194 “Now you must sleep and rest, dear little girl,” said Frank, as he placed her gently on the bed.
“I am afraid I can’t.”
“Why not?”
“Oh, I shall think, think, think; and you know it is hard to sleep when you are thinking.”
“You need the rest, Nellie. The excitement to-night might bring on a relapse and make you ill again. You do not want to be ill any longer.”
“No! no!”
“Then keep still and count yourself to sleep. You can do it if you try.”
“If uncle wakes up and calls for me——”
“You shall know it. But I think he will sleep straight through till morning. He has been drinking heavily since he was discharged to-day, and that was why he fell downstairs.”
“I know, for I could smell his breath. Oh, don’t you suppose we may be able to get him to sign the pledge? Perhaps we can save him and make a good man of him.”
“You may be able to do it, Nellie; but it is not possible for me to do anything. I have tried my best with him, and it has been a failure.”
“I will try. Somehow I am not afraid of him the way I was. He seems so ill and lonely in the world.
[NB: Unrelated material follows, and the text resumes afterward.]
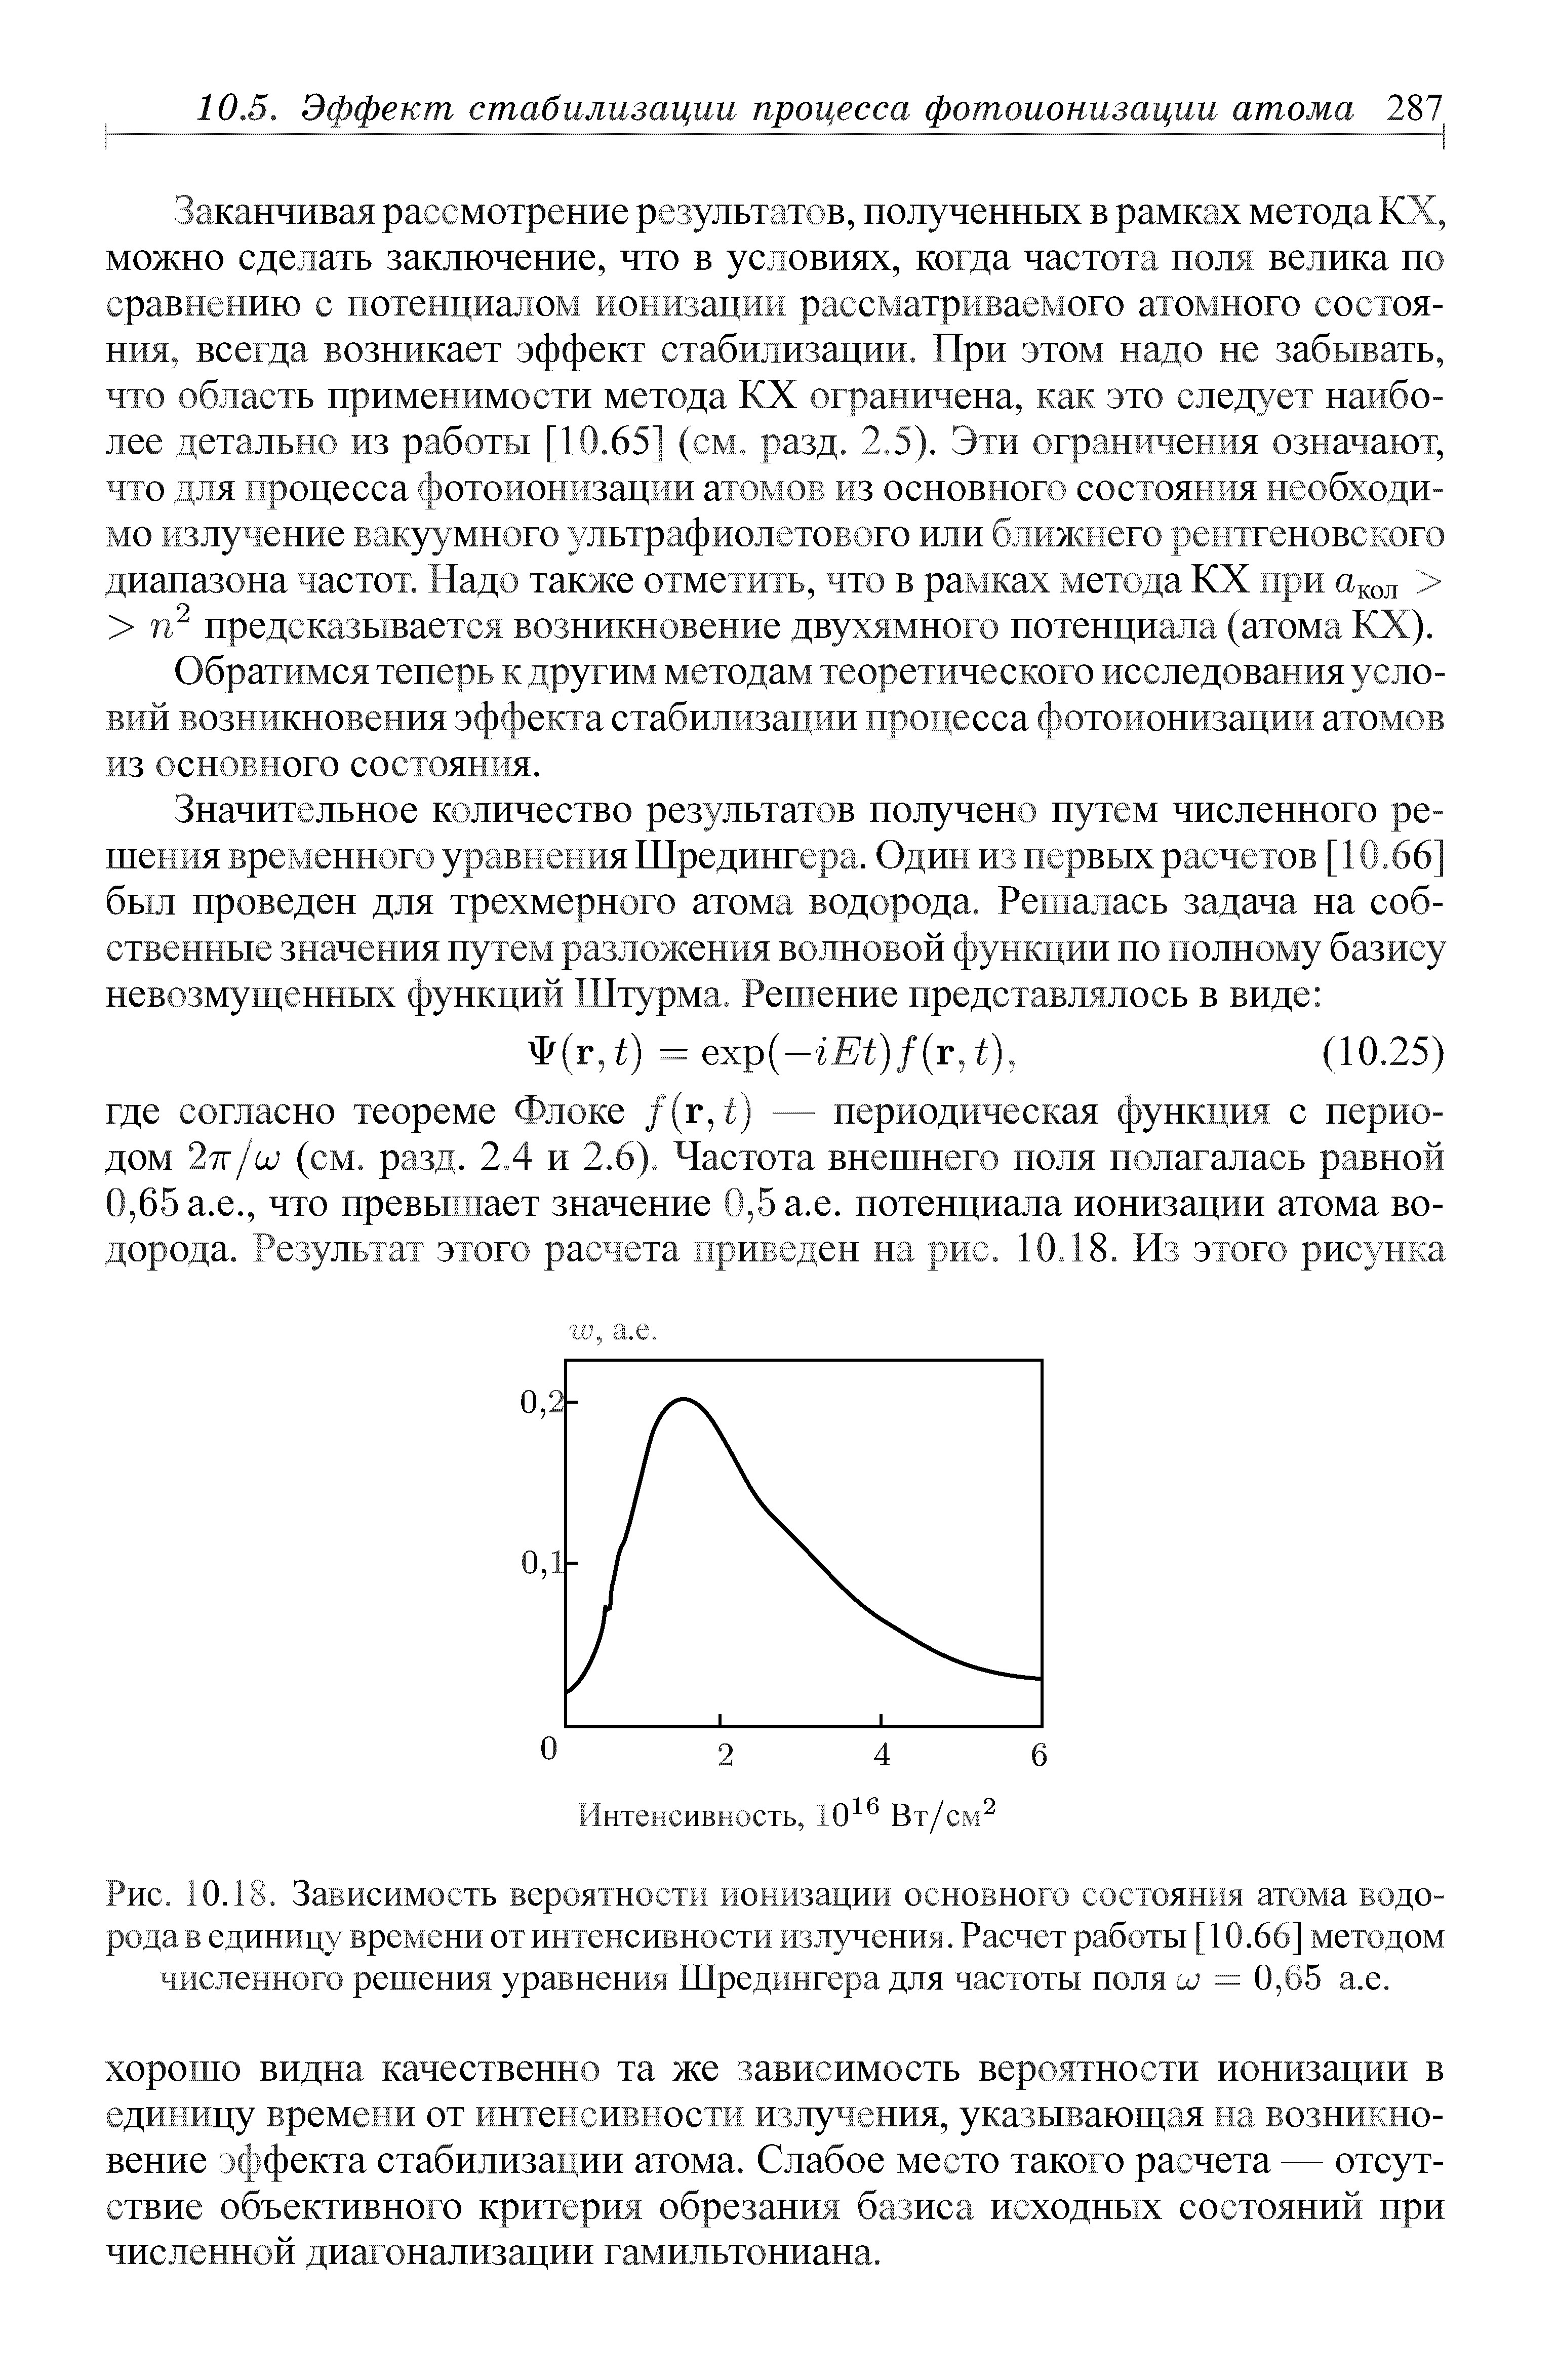 Рис. 10.18. Зависимость вероятности ионизации <a href="/info/12627">основного состояния</a> атома водорода в единицу времени от <a href="/info/18861">интенсивности излучения</a>. Расчет работы [ 10.66] методом численного решения уравнения Шредингера для частоты поля и) = 0,65 а.е.
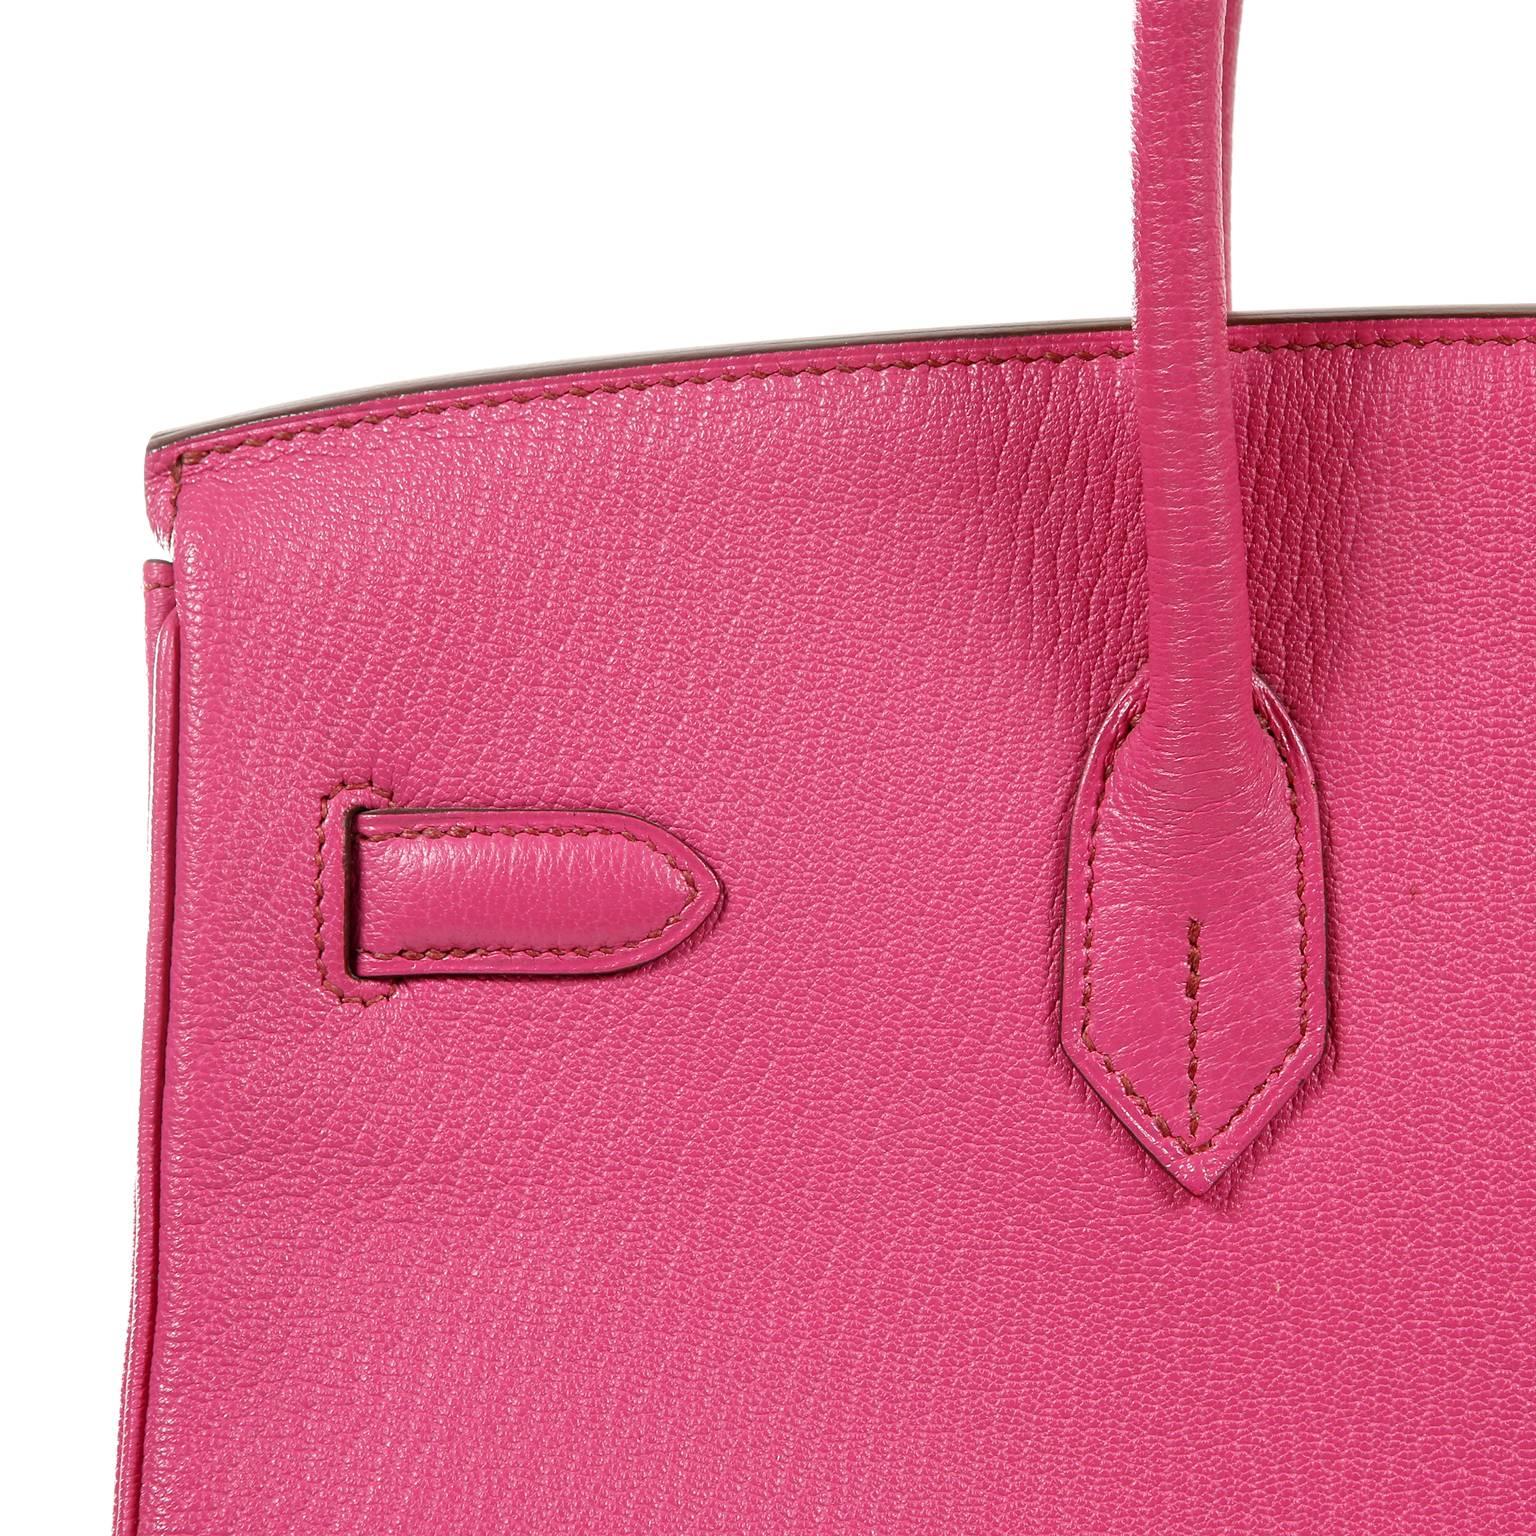 Hermès Rose Shocking Chevre 35 cm Birkin Bag- Palladium HW 10

It must be terrible to be all alone in the world, with no one to work for, and no one to care about.”
“Yes,” said Frank, a touch of sadness coming to his handsome face; “I realized it, for I was all alone in the world till we met. I have had more courage since.”
195 “But—some time—we must be separated.”
Something in the way she said the words smote Frank with a sensation of pain. He had not thought of that.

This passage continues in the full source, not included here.